Mastering Memes & Creating Viral Marketing Campaigns

Memes, by definition, have a high virality rate. But what is viral? It means more shares, more engagement and more people viewing the message – often as a result of the value the content offer the users; which, in the case of memes, is often of the comedic variety. Online advertisers and marketers are constantly striving to create compelling content that will not only convey their brand’s message, but also go viral.

Ben Huh, CEO of the Cheezburger Network, described a meme as an “alternate media universe, where things echo off of each other, and people get very creative and strange and [it’s] a bit of a meritocratic process of finding out what’s good.”
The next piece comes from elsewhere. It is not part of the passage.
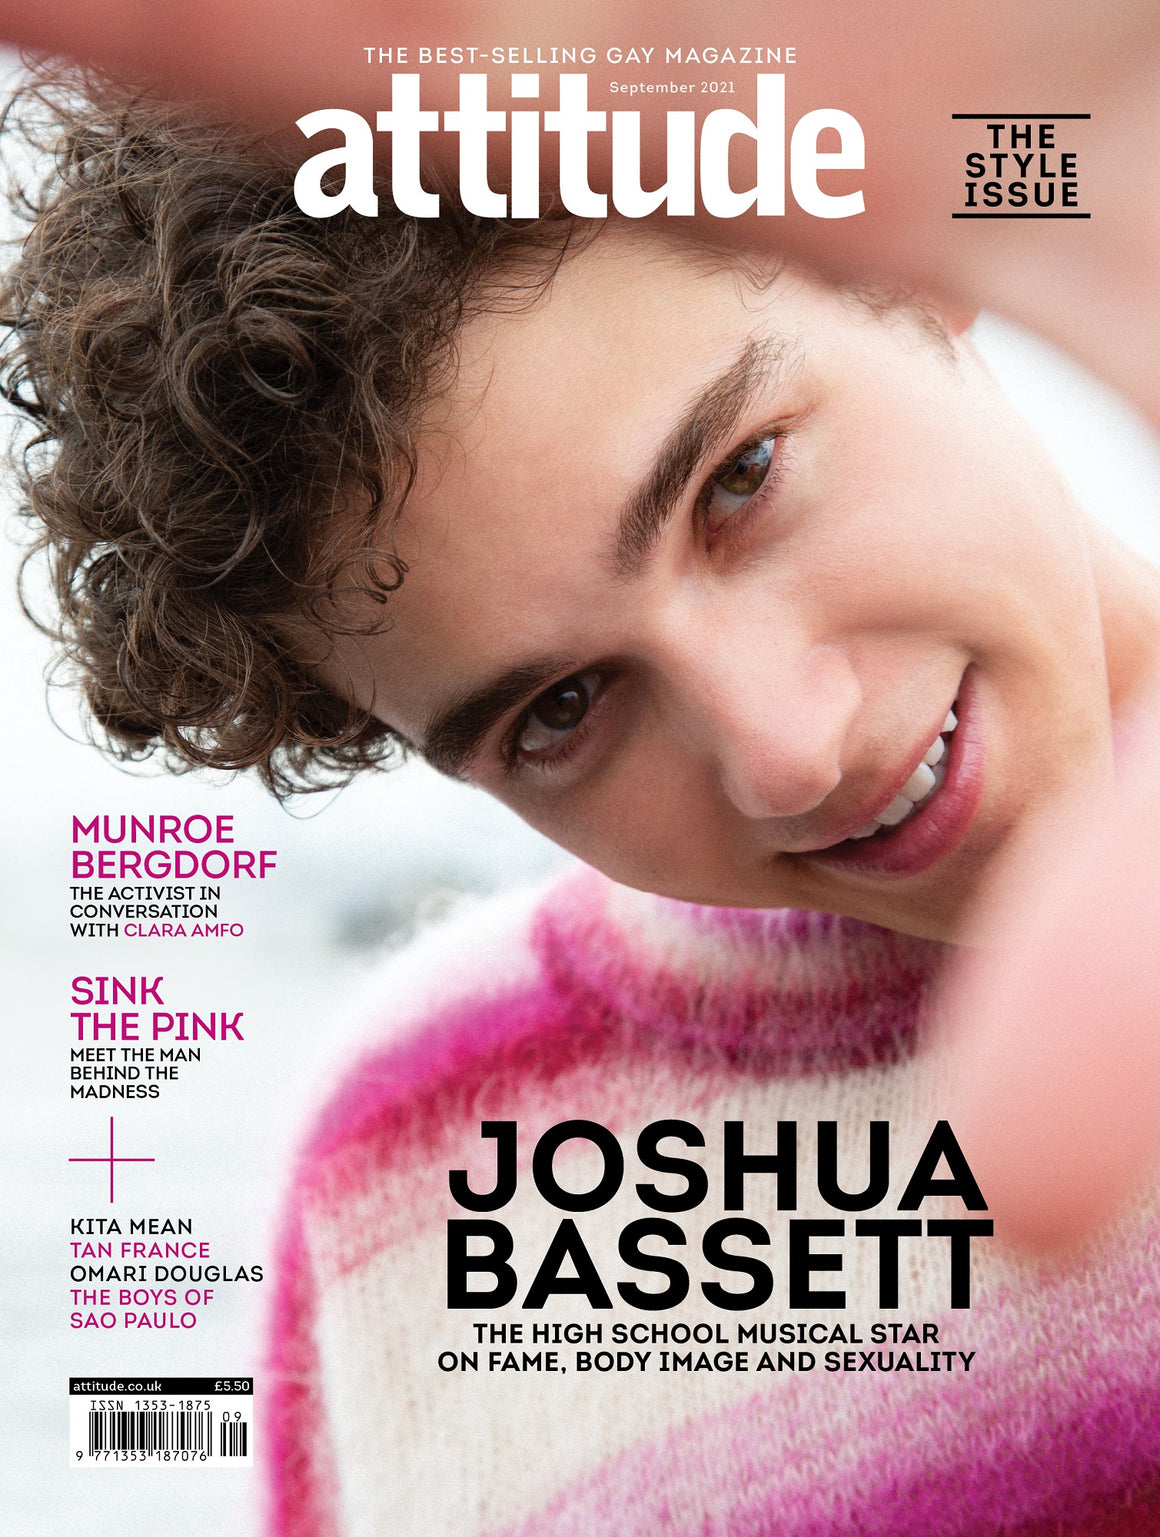 UK Attitude Magazine September 2021: JOSHUA BASSETT COVER FEATURE

According to the NPR article that attempts to define the broadly defined meme term, British scientist and author of The Selfish Gene originally coined the term meme in the 1970s. Dawkins described a meme as something that spreads from person to person within a culture – like a toy craze or a pop song.

The widespread “success” of memes has supported the theory that content is more likely to be shared by users if it has a comedic or engaging value. Looking to tap into the web user’s comedic consciousness, SpotHero, a parking service aid based in Chicago, has gone so far as to intentionally create poorly designed ads.

The conversion numbers for SpotHero’s MS Paint-inspired ad are unavailable, but Plenty of Fish Ad Blog performed a similar experiment and found the poorly designed ad a click through rate of 0.137%, while the slicker, normal ad posted a rate of 0.049%.

There are hundreds of blog posts offering instruction on how to create a viral marketing campaign, but what if you flipped this idea on its ear – instead of creating viral marketing content for a campaign why not just incorporate proven viral content into a marketing campaign?


Scumbag Steve, made famous from the image above, is one of the first internet “celebrities” to throw his tan, checkered hat into the advertising ring. With the help of Imgur, a popular photo sharing site, Brisk has started using Scumbag Steve as a spokesperson. Let’s not forget about Jennifer Aniston’s smartwater campaign featuring lip syncing YouTube sensation Keenan Cahill (top).

Will we soon see more intentionally poorly designed ads and memes woven into advertising and marketing campaigns? Memes in advertising and marketing have already transcended the Web as Comedy Central has incorporated the popular “Not Sure If” image in its TV spots for Futurama‘s seventh season. Is it only a matter of time before more brands take advantage of memes in their quest to create viral marketing campaigns?